Джордан, кажется, не прочь подружиться. А впереди — долгожданная встреча с Мидори Блейк.
Он посадил гравиплан на восточной оконечности острова, на почерневшей земле у знакомых домиков из серого камня. Им навстречу вышли Джордж и Хелин Тояма, улыбчивые седые люди в рабочих халатах. Крейгу все же удалось натянуть на левую ногу ботинок; больно, конечно, но ходить можно, если не зашнуровывать. Хелин сказала ему, что Мидори ушла в ущелье рисовать. Прихрамывая, Крейг отправился по тропинке, которая вела в ущелье. Слева, над обрывом, стояли дома Мидори и семьи Тоямы. Кроме них, никакого населения на острове Бертон не было. Остров считался своего рода святилищем, центром исследований фитонов, и танасис здесь никогда не применялся. Не считая Базы, это единственное место на планете, где постоянно жили люди. Мидори очень любила ущелье. Она рисовала его снова и снова. Крейг хорошо помнил эти скалы с прожилками кварца, водопад, пруд и танец фитонов в лучах солнца (серебристые стволы деревьев придавали этому свету сходство с лунным). Мидори говорила, что такой свет у нее на картинах никогда не получался. Крейг любил смотреть, как она рисует, особенно когда она забывала о нем и начинала что-нибудь напевать. Милая Мидори. Хорошо быть на одной планете с нею. Сквозь шум водопада и жужжание фитонов Крейг расслышал ее пение; она стояла перед мольбертом у кварцевой глыбы. Услышав звук шагов, обернулась и встретила его улыбкой.
— Рой! Как я рада! А я боялась, что ты все-таки решишь лететь домой.

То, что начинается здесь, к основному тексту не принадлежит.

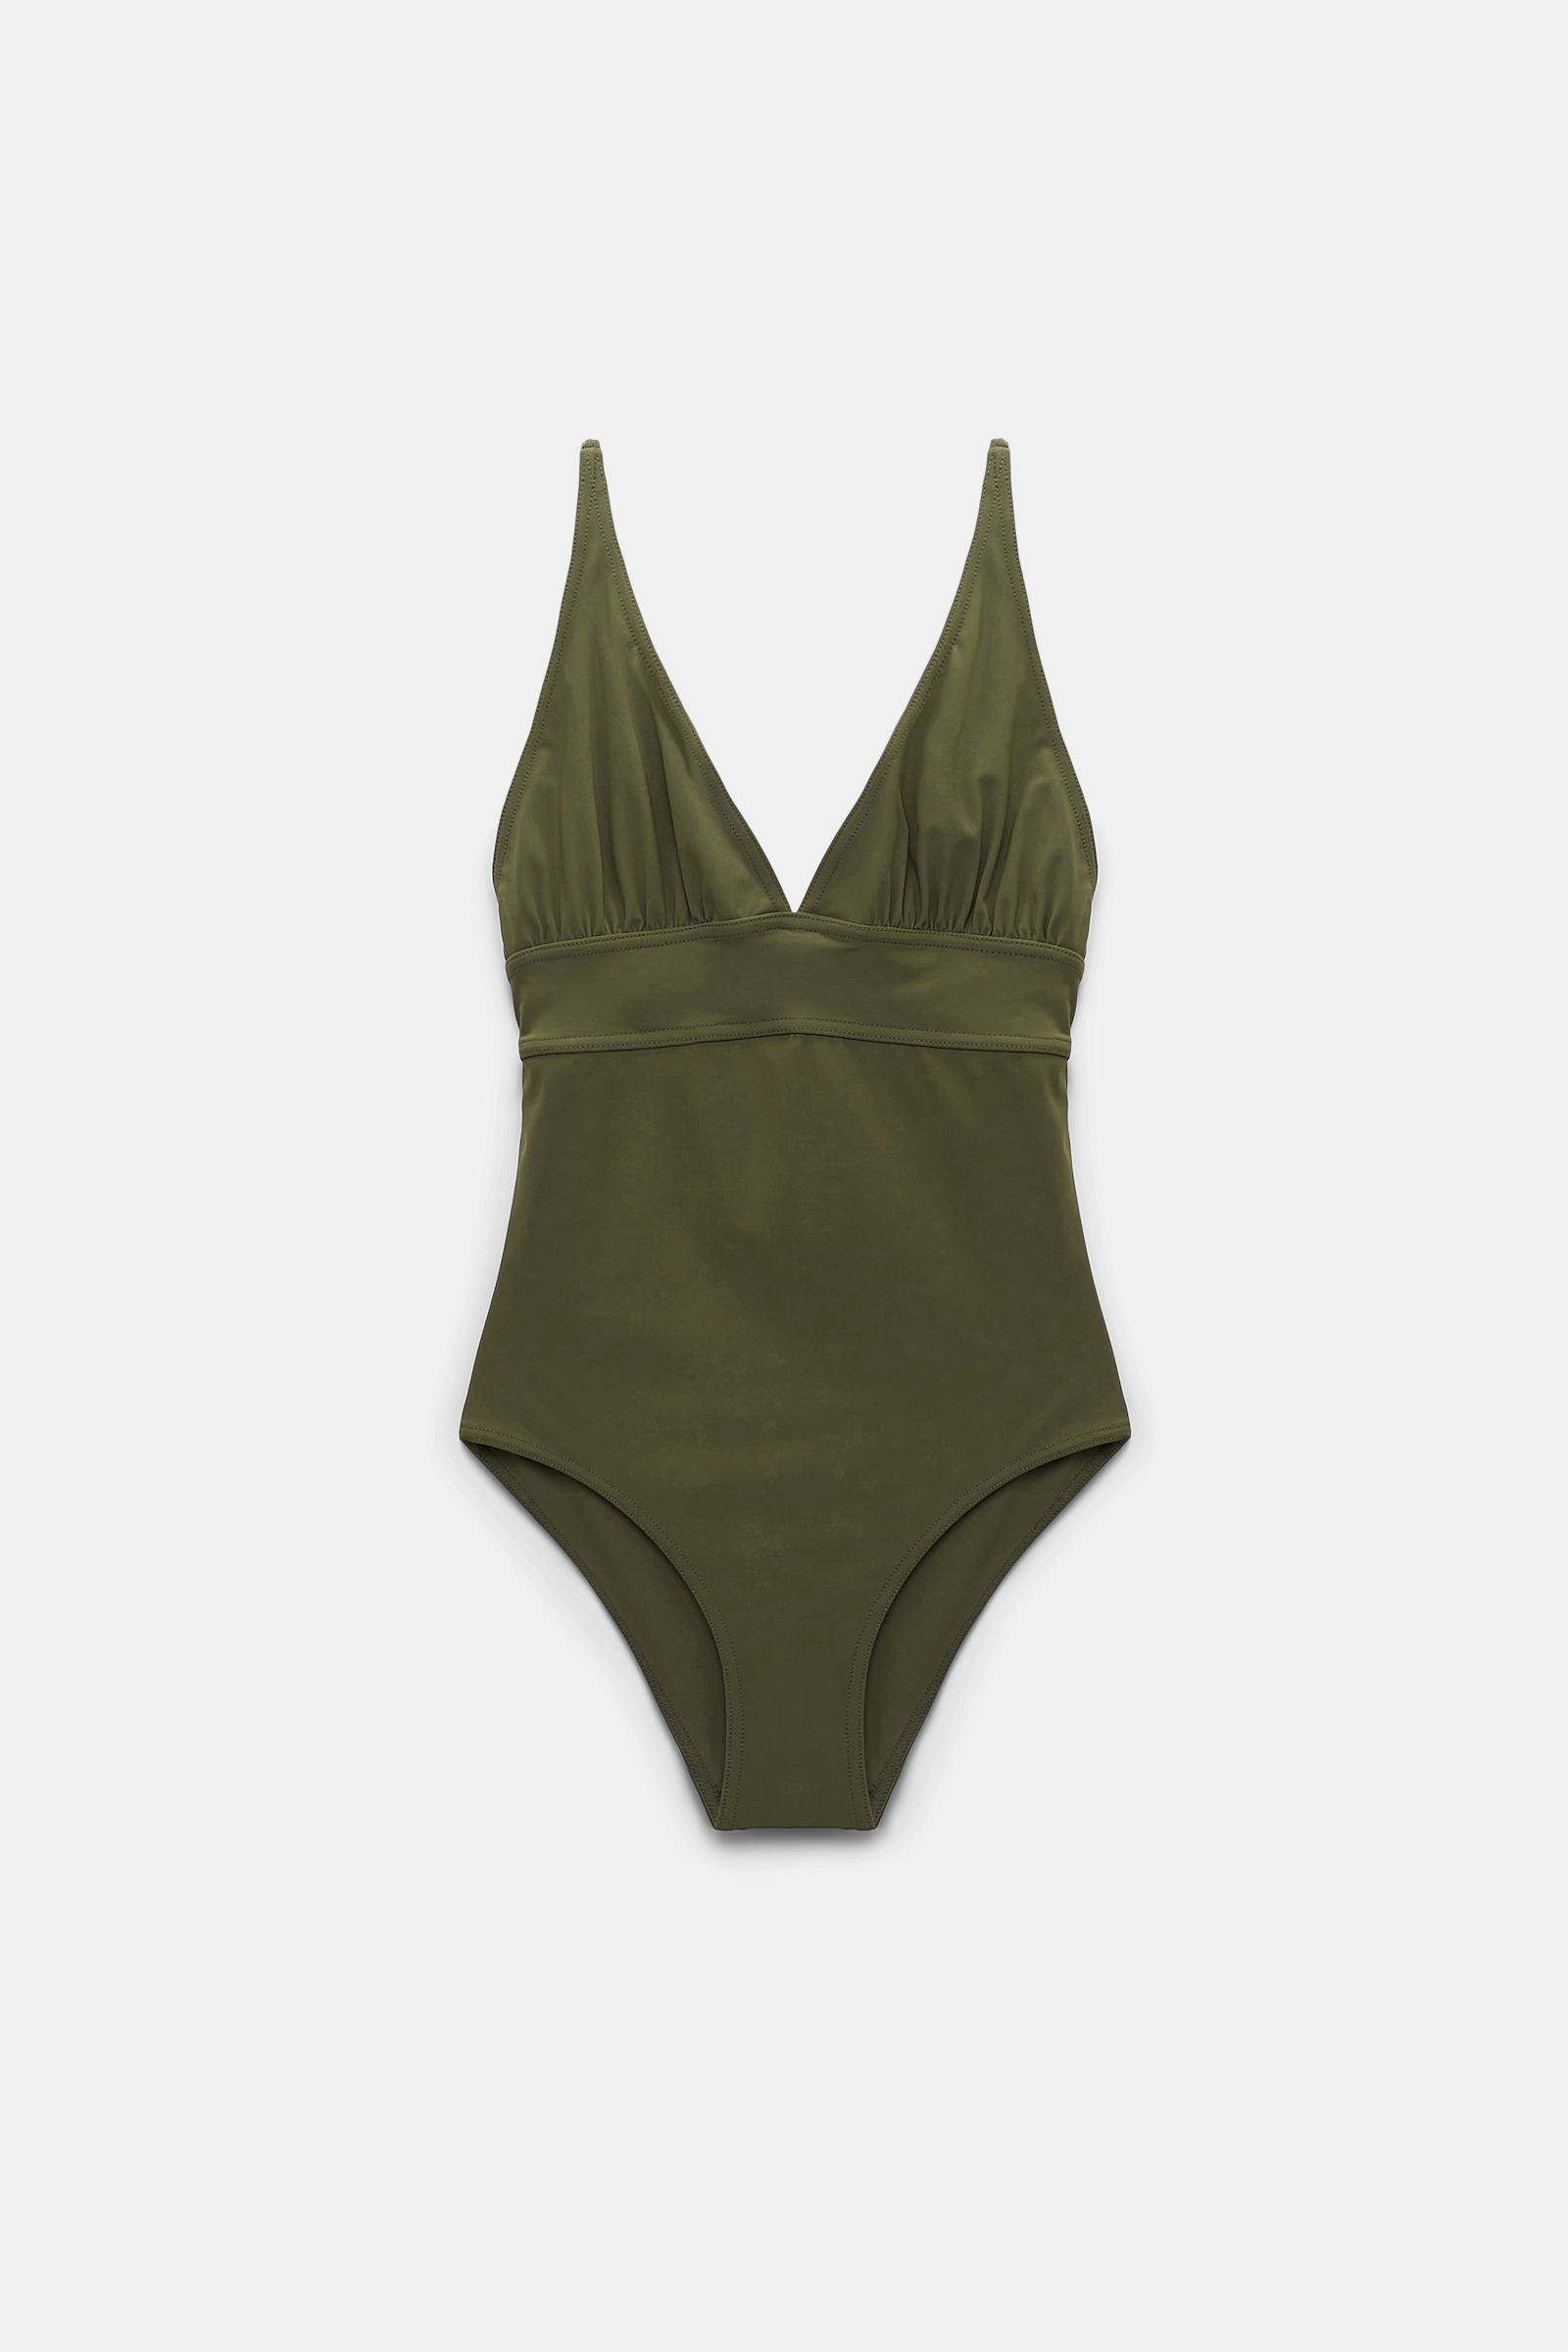 Dorothee Schumacher One piece swimsuit with adjustable straps dark olive green

Он смотрел на ее изящное маленькое тело в сером платье, на ее тонкое лицо с большими черными глазами, на темные волосы, уложенные в какой-то детской прическе. В ее голосе было что-то от птичьего щебета, и стремительной грацией своих движений она тоже напоминала птицу. Крейг счастливо улыбнулся.
— Одно время я жалел, что остался, — сказал я. — А сейчас этому радуюсь.
И он, прихрамывая, подошел к ней ближе.
— Что у тебя с ногой? — воскликнула Мидори. — Hу-ка иди сюда. Садись. — И она заставила его сесть на камень. — Что случилось?
— Это танасис меня куснул. Ничего страшного.
— Сейчас же сними ботинок! Он же давит!
Она помогла ему снять ботинок, погладила холодными пальцами его опухшую щиколотку, села рядом.
— Представляю, как тебе больно. Как же это случилось?
— Так… настроение было неважное, — сказал он. — Я сел на окружную стену, разулся и стал болтать ногами над танасисом.
— Глупый Рой! А почему, тебе было там плохо?
— Да так как-то… — Несколько ярких фитонов уселось на его голую щиколотку, и он не стал их сгонять. — Мы теперь ночуем в лесу, сюда не возвращаемся. Все эти новые ребята — «красные кружки». Я опять стал пустым местом…
— Ты хочешь сказать, они считают, что ты до них не дорос?
— Я и вправду до них не дорос, в том-то и дело. Понимаешь Мидори, у человека вся душа меняется, когда он убивает Красного Зверя. Я дождусь того дня, когда на этой планете будет полно Красных Зверей и на Мордене не останется ни одного парня, которого бы вот так одурачили.
— Фитоны не сдадутся, — мягко сказала Мидори. — Теперь это уже ясно. Мы проиграли.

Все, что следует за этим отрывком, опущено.